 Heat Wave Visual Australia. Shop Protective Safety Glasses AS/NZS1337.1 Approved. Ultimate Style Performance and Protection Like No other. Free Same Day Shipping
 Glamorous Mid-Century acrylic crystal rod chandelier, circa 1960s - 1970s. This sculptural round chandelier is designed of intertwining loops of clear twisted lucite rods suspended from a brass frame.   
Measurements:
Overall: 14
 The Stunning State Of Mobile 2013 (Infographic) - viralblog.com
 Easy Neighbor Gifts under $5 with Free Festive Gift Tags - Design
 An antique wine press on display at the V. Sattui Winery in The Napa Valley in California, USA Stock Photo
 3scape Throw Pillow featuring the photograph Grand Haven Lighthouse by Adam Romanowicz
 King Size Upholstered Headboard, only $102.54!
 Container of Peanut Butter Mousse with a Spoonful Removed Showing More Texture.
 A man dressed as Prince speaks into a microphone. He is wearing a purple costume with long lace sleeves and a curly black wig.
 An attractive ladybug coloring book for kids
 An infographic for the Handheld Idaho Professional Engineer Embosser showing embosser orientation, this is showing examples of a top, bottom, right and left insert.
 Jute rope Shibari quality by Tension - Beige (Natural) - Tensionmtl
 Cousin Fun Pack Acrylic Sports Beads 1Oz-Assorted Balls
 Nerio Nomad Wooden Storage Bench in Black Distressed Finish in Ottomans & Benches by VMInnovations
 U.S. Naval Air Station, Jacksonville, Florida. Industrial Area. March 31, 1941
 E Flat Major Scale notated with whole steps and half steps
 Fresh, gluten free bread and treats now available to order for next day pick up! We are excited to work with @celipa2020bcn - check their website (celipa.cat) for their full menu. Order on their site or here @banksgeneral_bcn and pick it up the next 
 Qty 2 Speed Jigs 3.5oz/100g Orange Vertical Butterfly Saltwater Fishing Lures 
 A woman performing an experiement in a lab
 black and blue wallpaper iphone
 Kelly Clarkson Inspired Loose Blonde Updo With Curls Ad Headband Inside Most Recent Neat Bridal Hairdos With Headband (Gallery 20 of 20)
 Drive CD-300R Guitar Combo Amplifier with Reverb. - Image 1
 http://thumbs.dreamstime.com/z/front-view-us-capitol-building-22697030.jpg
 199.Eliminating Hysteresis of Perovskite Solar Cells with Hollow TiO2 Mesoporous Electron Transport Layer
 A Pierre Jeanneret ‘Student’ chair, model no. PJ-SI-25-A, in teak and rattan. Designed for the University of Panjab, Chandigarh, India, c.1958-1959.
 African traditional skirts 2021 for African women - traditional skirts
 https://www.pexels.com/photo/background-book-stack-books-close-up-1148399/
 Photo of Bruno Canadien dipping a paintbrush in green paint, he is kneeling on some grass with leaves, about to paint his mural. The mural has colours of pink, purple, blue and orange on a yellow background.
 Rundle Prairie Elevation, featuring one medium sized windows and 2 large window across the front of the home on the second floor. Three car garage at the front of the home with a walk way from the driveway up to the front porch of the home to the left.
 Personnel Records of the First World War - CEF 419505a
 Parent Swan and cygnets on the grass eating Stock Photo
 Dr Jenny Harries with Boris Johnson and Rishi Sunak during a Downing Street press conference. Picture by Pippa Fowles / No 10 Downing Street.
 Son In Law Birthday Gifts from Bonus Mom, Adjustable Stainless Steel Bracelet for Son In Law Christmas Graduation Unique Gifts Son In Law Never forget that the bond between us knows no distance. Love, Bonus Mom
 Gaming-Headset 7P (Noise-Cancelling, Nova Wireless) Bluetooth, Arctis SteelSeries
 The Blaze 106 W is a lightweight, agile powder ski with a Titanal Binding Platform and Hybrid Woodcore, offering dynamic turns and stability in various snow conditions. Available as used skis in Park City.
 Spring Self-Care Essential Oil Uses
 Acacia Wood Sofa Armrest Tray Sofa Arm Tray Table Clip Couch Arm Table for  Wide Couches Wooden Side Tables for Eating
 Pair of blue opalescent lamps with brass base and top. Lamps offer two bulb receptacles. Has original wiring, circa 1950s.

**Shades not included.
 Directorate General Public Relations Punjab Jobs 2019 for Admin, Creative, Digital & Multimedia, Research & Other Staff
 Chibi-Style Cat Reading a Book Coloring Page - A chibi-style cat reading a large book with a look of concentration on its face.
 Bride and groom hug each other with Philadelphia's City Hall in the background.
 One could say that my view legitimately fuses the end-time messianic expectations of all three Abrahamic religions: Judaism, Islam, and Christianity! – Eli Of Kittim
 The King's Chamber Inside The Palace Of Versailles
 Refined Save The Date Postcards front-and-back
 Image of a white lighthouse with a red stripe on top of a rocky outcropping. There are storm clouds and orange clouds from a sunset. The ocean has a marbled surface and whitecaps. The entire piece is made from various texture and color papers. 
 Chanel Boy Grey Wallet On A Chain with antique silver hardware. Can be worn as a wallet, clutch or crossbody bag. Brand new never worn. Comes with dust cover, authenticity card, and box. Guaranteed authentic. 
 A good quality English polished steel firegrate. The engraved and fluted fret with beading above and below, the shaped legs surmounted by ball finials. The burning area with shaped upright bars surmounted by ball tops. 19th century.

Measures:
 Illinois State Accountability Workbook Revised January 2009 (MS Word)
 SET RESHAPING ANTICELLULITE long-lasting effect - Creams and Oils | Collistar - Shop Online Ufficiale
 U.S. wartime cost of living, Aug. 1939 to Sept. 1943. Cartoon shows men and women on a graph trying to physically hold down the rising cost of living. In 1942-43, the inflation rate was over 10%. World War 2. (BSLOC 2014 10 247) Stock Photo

*Work required*.
Output the listing above exactly as it appears.

*Answer for this exercise*.
 Heat Wave Visual Australia. Shop Protective Safety Glasses AS/NZS1337.1 Approved. Ultimate Style Performance and Protection Like No other. Free Same Day Shipping
 Glamorous Mid-Century acrylic crystal rod chandelier, circa 1960s - 1970s. This sculptural round chandelier is designed of intertwining loops of clear twisted lucite rods suspended from a brass frame.   
Measurements:
Overall: 14
 The Stunning State Of Mobile 2013 (Infographic) - viralblog.com
 Easy Neighbor Gifts under $5 with Free Festive Gift Tags - Design
 An antique wine press on display at the V. Sattui Winery in The Napa Valley in California, USA Stock Photo
 3scape Throw Pillow featuring the photograph Grand Haven Lighthouse by Adam Romanowicz
 King Size Upholstered Headboard, only $102.54!
 Container of Peanut Butter Mousse with a Spoonful Removed Showing More Texture.
 A man dressed as Prince speaks into a microphone. He is wearing a purple costume with long lace sleeves and a curly black wig.
 An attractive ladybug coloring book for kids
 An infographic for the Handheld Idaho Professional Engineer Embosser showing embosser orientation, this is showing examples of a top, bottom, right and left insert.
 Jute rope Shibari quality by Tension - Beige (Natural) - Tensionmtl
 Cousin Fun Pack Acrylic Sports Beads 1Oz-Assorted Balls
 Nerio Nomad Wooden Storage Bench in Black Distressed Finish in Ottomans & Benches by VMInnovations
 U.S. Naval Air Station, Jacksonville, Florida. Industrial Area. March 31, 1941
 E Flat Major Scale notated with whole steps and half steps
 Fresh, gluten free bread and treats now available to order for next day pick up! We are excited to work with @celipa2020bcn - check their website (celipa.cat) for their full menu. Order on their site or here @banksgeneral_bcn and pick it up the next 
 Qty 2 Speed Jigs 3.5oz/100g Orange Vertical Butterfly Saltwater Fishing Lures 
 A woman performing an experiement in a lab
 black and blue wallpaper iphone
 Kelly Clarkson Inspired Loose Blonde Updo With Curls Ad Headband Inside Most Recent Neat Bridal Hairdos With Headband (Gallery 20 of 20)
 Drive CD-300R Guitar Combo Amplifier with Reverb. - Image 1
 http://thumbs.dreamstime.com/z/front-view-us-capitol-building-22697030.jpg
 199.Eliminating Hysteresis of Perovskite Solar Cells with Hollow TiO2 Mesoporous Electron Transport Layer
 A Pierre Jeanneret ‘Student’ chair, model no. PJ-SI-25-A, in teak and rattan. Designed for the University of Panjab, Chandigarh, India, c.1958-1959.
 African traditional skirts 2021 for African women - traditional skirts
 https://www.pexels.com/photo/background-book-stack-books-close-up-1148399/
 Photo of Bruno Canadien dipping a paintbrush in green paint, he is kneeling on some grass with leaves, about to paint his mural. The mural has colours of pink, purple, blue and orange on a yellow background.
 Rundle Prairie Elevation, featuring one medium sized windows and 2 large window across the front of the home on the second floor. Three car garage at the front of the home with a walk way from the driveway up to the front porch of the home to the left.
 Personnel Records of the First World War - CEF 419505a
 Parent Swan and cygnets on the grass eating Stock Photo
 Dr Jenny Harries with Boris Johnson and Rishi Sunak during a Downing Street press conference. Picture by Pippa Fowles / No 10 Downing Street.
 Son In Law Birthday Gifts from Bonus Mom, Adjustable Stainless Steel Bracelet for Son In Law Christmas Graduation Unique Gifts Son In Law Never forget that the bond between us knows no distance. Love, Bonus Mom
 Gaming-Headset 7P (Noise-Cancelling, Nova Wireless) Bluetooth, Arctis SteelSeries
 The Blaze 106 W is a lightweight, agile powder ski with a Titanal Binding Platform and Hybrid Woodcore, offering dynamic turns and stability in various snow conditions. Available as used skis in Park City.
 Spring Self-Care Essential Oil Uses
 Acacia Wood Sofa Armrest Tray Sofa Arm Tray Table Clip Couch Arm Table for  Wide Couches Wooden Side Tables for Eating
 Pair of blue opalescent lamps with brass base and top. Lamps offer two bulb receptacles. Has original wiring, circa 1950s.

**Shades not included.
 Directorate General Public Relations Punjab Jobs 2019 for Admin, Creative, Digital & Multimedia, Research & Other Staff
 Chibi-Style Cat Reading a Book Coloring Page - A chibi-style cat reading a large book with a look of concentration on its face.
 Bride and groom hug each other with Philadelphia's City Hall in the background.
 One could say that my view legitimately fuses the end-time messianic expectations of all three Abrahamic religions: Judaism, Islam, and Christianity! – Eli Of Kittim
 The King's Chamber Inside The Palace Of Versailles
 Refined Save The Date Postcards front-and-back
 Image of a white lighthouse with a red stripe on top of a rocky outcropping. There are storm clouds and orange clouds from a sunset. The ocean has a marbled surface and whitecaps. The entire piece is made from various texture and color papers. 
 Chanel Boy Grey Wallet On A Chain with antique silver hardware. Can be worn as a wallet, clutch or crossbody bag. Brand new never worn. Comes with dust cover, authenticity card, and box. Guaranteed authentic. 
 A good quality English polished steel firegrate. The engraved and fluted fret with beading above and below, the shaped legs surmounted by ball finials. The burning area with shaped upright bars surmounted by ball tops. 19th century.

Measures:
 Illinois State Accountability Workbook Revised January 2009 (MS Word)
 SET RESHAPING ANTICELLULITE long-lasting effect - Creams and Oils | Collistar - Shop Online Ufficiale
 U.S. wartime cost of living, Aug. 1939 to Sept. 1943. Cartoon shows men and women on a graph trying to physically hold down the rising cost of living. In 1942-43, the inflation rate was over 10%. World War 2. (BSLOC 2014 10 247) Stock Photo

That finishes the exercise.